What did cutting my hair mean to me?
I used hair as a crutch. It was my support. It was confirmation that I was beautiful. On September 29th, 2017, I decided to do away with it. Yes, I made the decision to cut off my hair. It was something that I’ve always wanted to do. I was frustrated with my 4C mane and how much maintenance it required, and quite frankly I wanted a change. I decided that if I cut my hair and dyed it, it would be “bomb”. So that’s exactly what I did. I had no real vision of what I wanted I just knew that I wanted a new look. So here we go.
I chopped it all off and my first reaction was tears. I looked at Vaughn while driving and instantly burst into tears. What have I just done I thought to myself? I can’t believe I really went through with this. Why did no one talk me out of this? Wow I’m going to have to wear makeup everyday so everyone knows I’m a girl. These were the thoughts that ran through my mind on the drive home. Thank God, I had Vaughn there to give me the support I needed. He reassured me that I was beautiful and had nothing but positive feedback on my new look. His reaction made me feel so much better about the cut.
I said all that to say I cried because this was something new and completely out of my comfort zone. My hair wasn’t super long to begin with but I learned to love my kinky fro, so seeing something contrary of that threw me off my game.
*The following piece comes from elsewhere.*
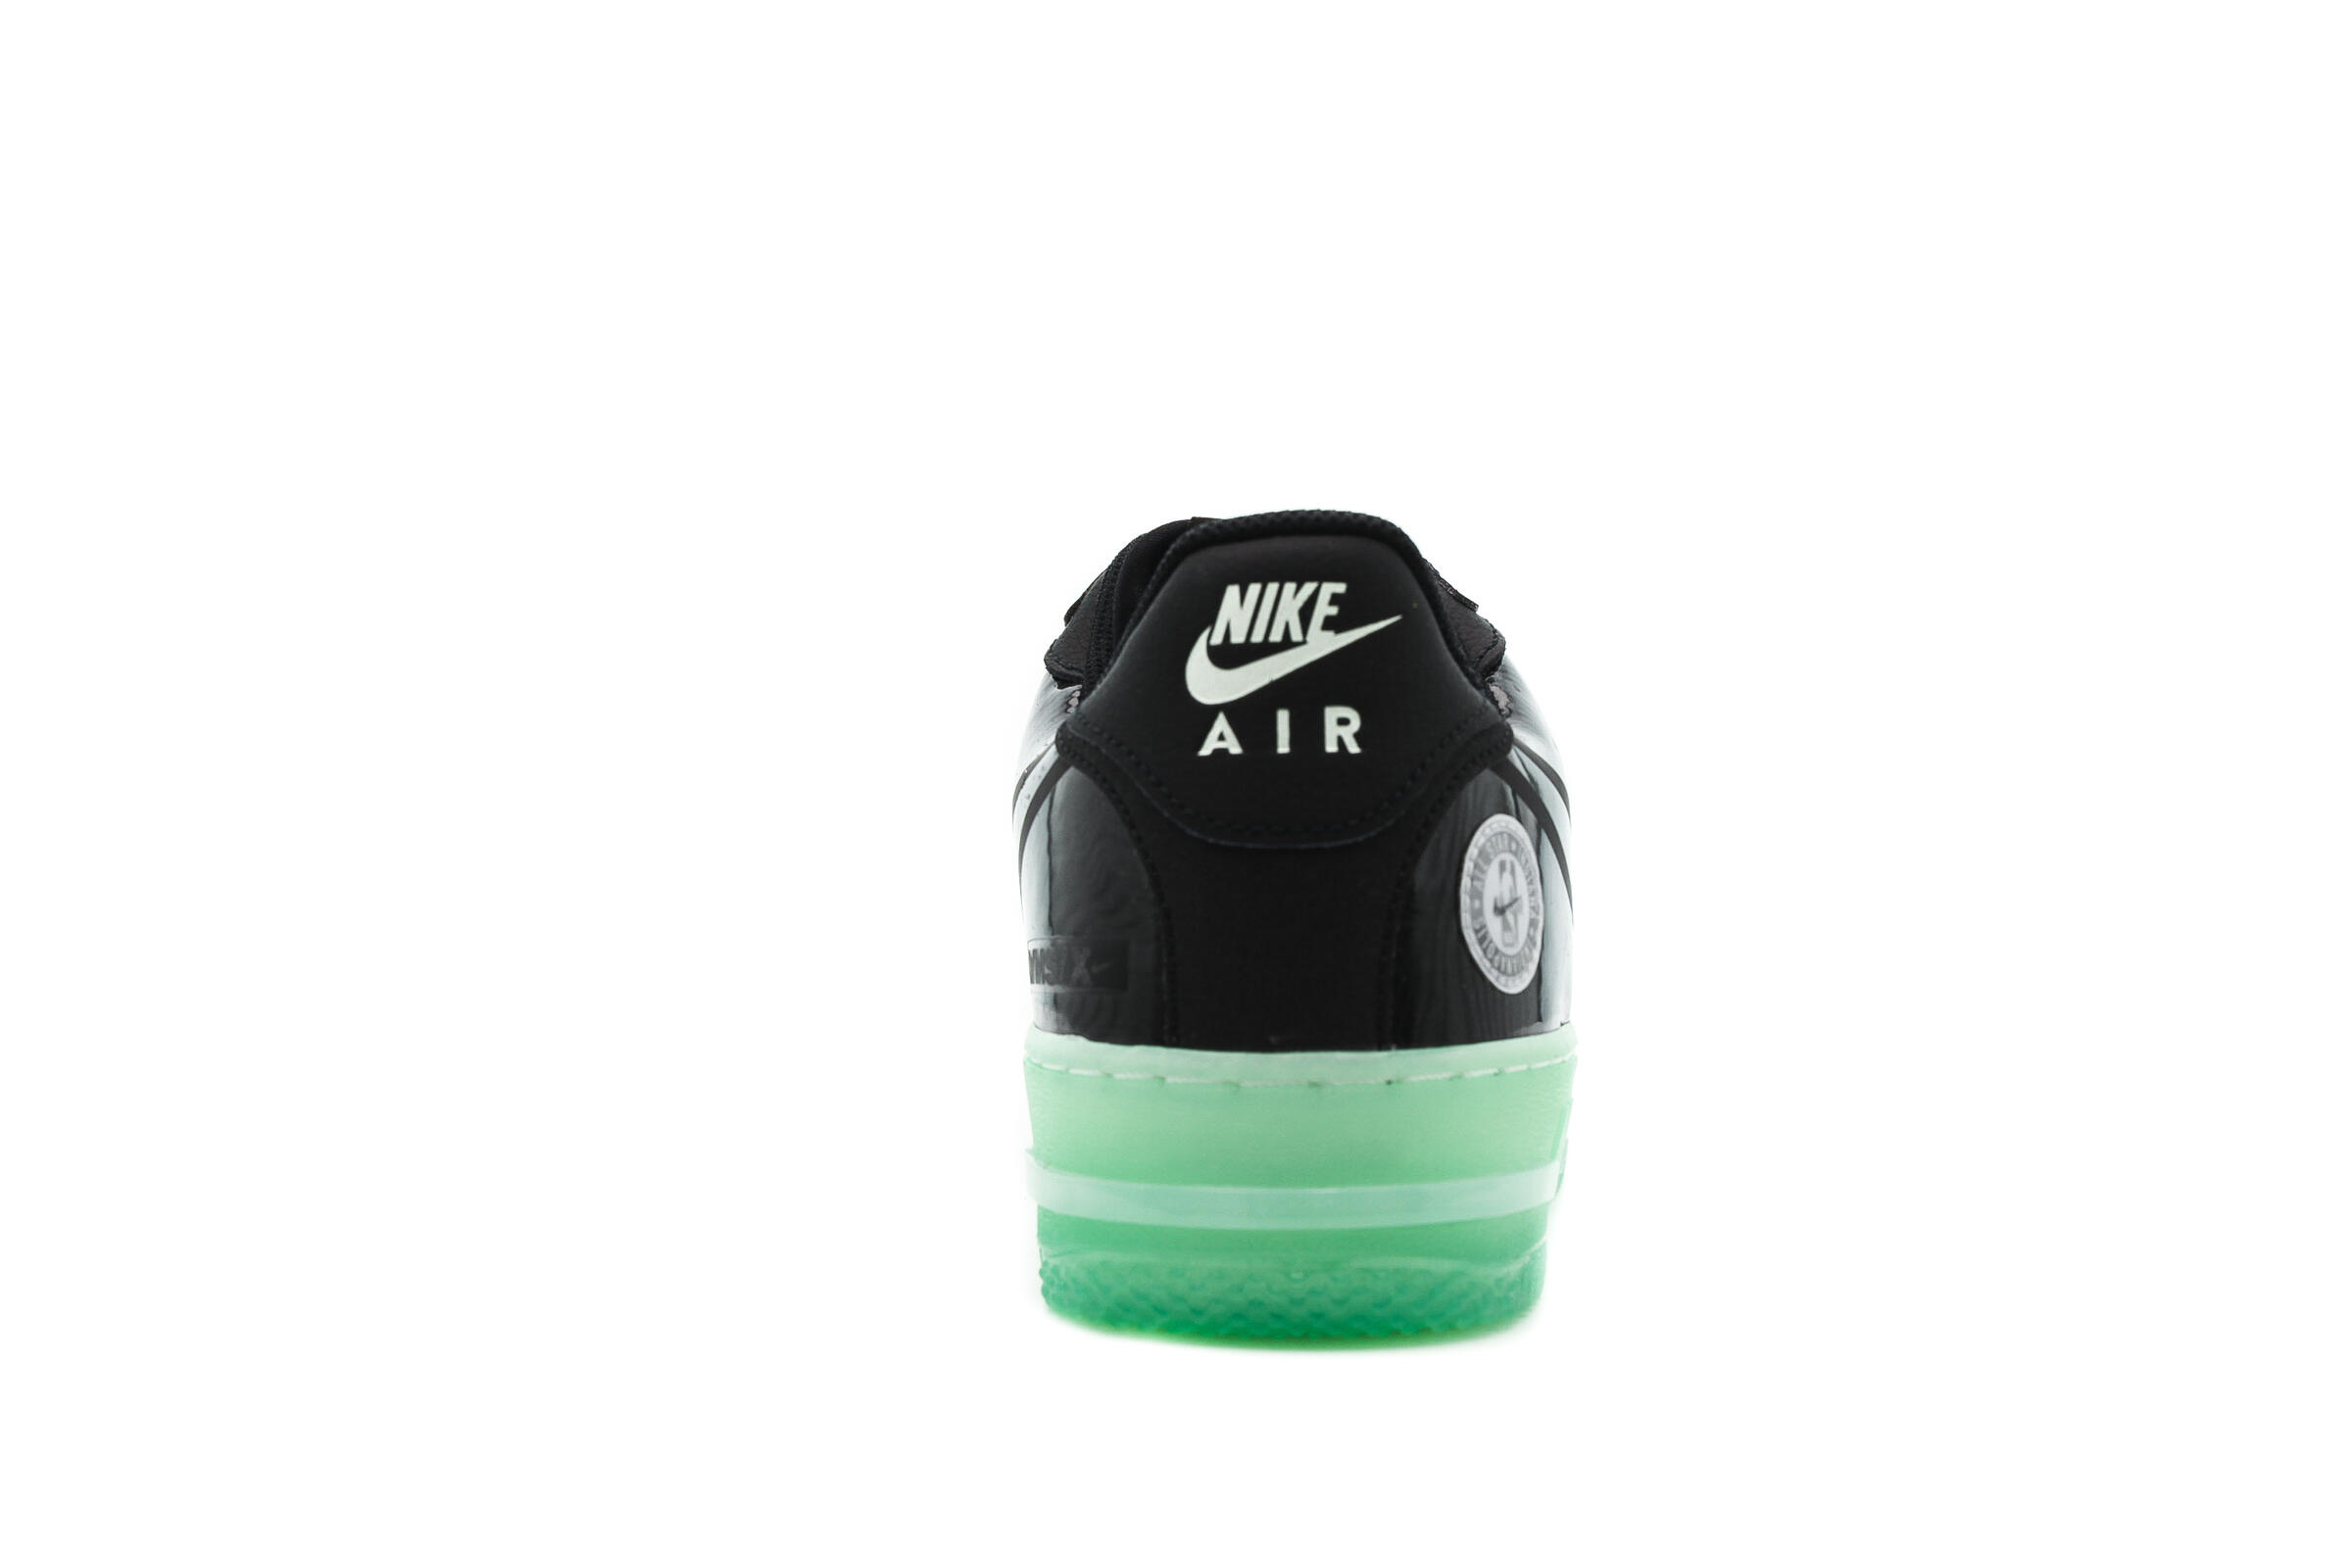 Nike AIR FORCE 1 REACT LV8 "ALL STAR"

I didn’t know how to feel at first because I knew that I wouldn’t be able to wear my weaves. I had to learn to appreciate my natural beauty. I could no longer hide behind society’s perceived beauty ideal, I had to create and live my own. I had to realize that hair didn’t define beauty, and for me to really believe that I had to experience it.
So again, I ask what did cutting my hair mean to me? It meant change, it meant being uncomfortable and it meant owning my beauty. Now here I am, feeling more beautiful than ever and loving the decision I made.